Why You Need more than a Vision Statement




I remember the days as a lead pastor when word smithing a vision statement was of the utmost importance. Once crafted, I would post it everywhere a person may have the opportunity to read it (including the back door of the stalls in the men's bathroom). I wanted people to memorize it, understand it and quote it at a moment's notice. I think I may have been the only one who met those expectations. 

Vision statements, regardless of the innovative language, does not equate vision movement

I have seen some pretty nifty vision statements plastered on church walls and printed in bulletins. I have listened as leadership teams told me how many hours they spent creating their sticky vision blurbs. I am not knocking vision statements; if you have one, roll with it. However, a vision statement alone will not cause vision movement, regardless of the innovative language used.

While working with different churches over the years, I have listened to leaders share vision. In many cases, their vision sounded more like their mission. Understanding and differentiating vision and mission is critical. When I help a church build a mission statement, I try to help them build something that captures the reason their church exists. A mission statement should answer these three questions: 

1. What are we called to do as a church?
2. Who are we called to reach?
3. What makes us unique?


If you can measure it, you can grow it

Mission statements are important, however a mission (or vision) statement alone will not result in movement. Statements are stationary. They are created to be printed, read and bring identity to an organization. However, despite the crafty and inspiring language found in statements, there's one thing missing that is absolutely necessary to cause a vision to begin moving. I am talking about vision metrics. When I help a church build a vision, I like to ask questions around the metrics of their ministry (attendance, baptisms, financials, etc). After capturing their numbers on a flip chart, I like to ask these questions: 

1. Where are we today? 
2. Where do we want to be in the next few years?
3. What must be measured and monitored to move forward?

Wrapping metrics around a vision allows you to measure it; and if you can measure it, you can grow it. It also gives permission to ask the right questions and identify what needs attention. If you stop looking at the numbers, the vision will slowly drift into left field and by the time you notice it, consequences are inevitable. 

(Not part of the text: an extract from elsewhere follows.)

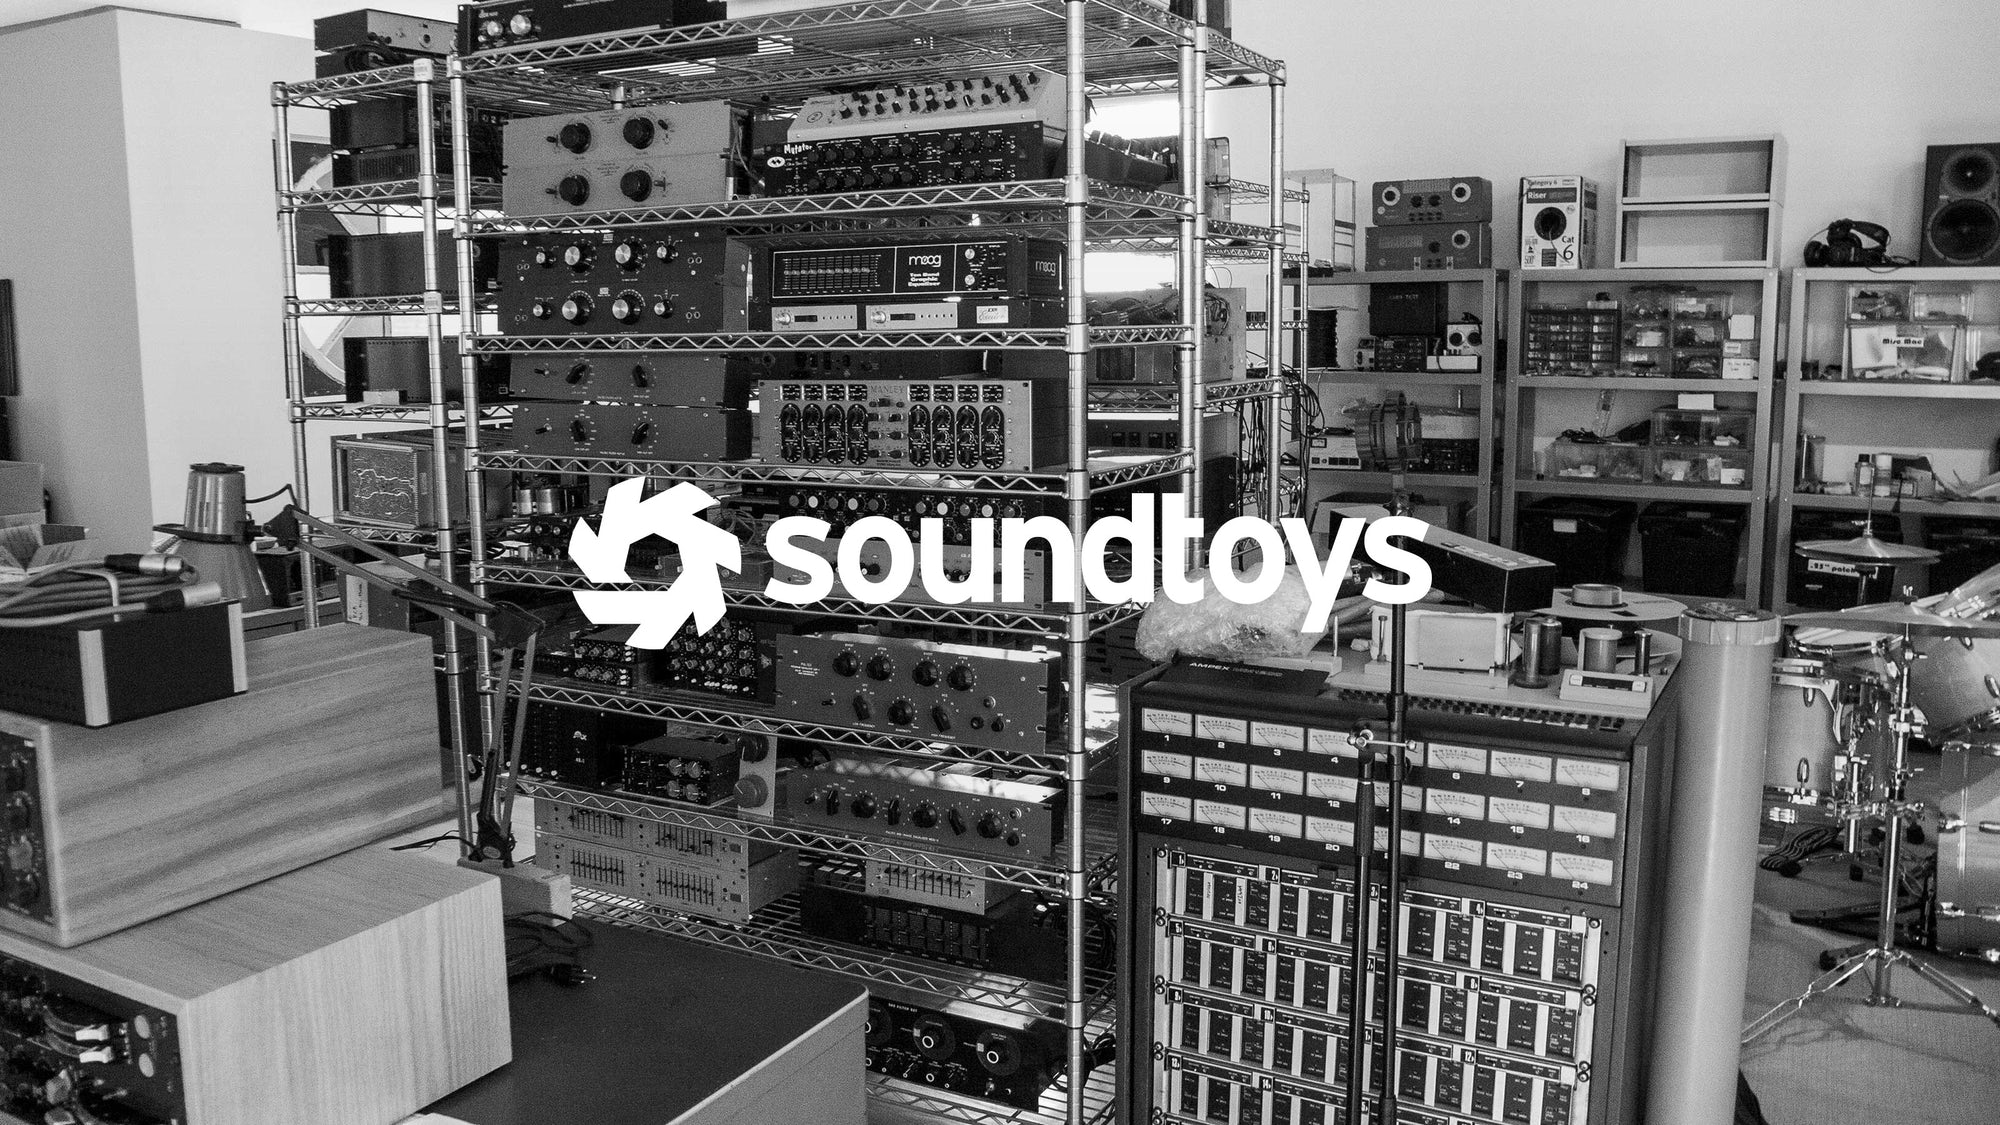 Soundtoys – Brand Identity Design for Music App Company

Vision Statement < Vision Map

So what's the answer in terms of vision? Instead of creating a vision statement, think about gathering your team and create a vision map. Ask the right questions and gather the right data to get clear perspective of where you are right now. Next, ask the questions, "Where do we want to be in one year, two years, five years?" Again, it's important to look at the current numbers and then determine where you believe you'll be in the next few years. Don't be afraid to dream. God loves dreamers. 

Once you have landed several vision metrics (current and future), you're ready to begin building strategic plans that will fuel and propel the vision. At the Unstuck Group, we lead churches through the StratOp process to help them determine what those strategic plans look like. When good plans are built and executed, church growth and life change happens at a higher level.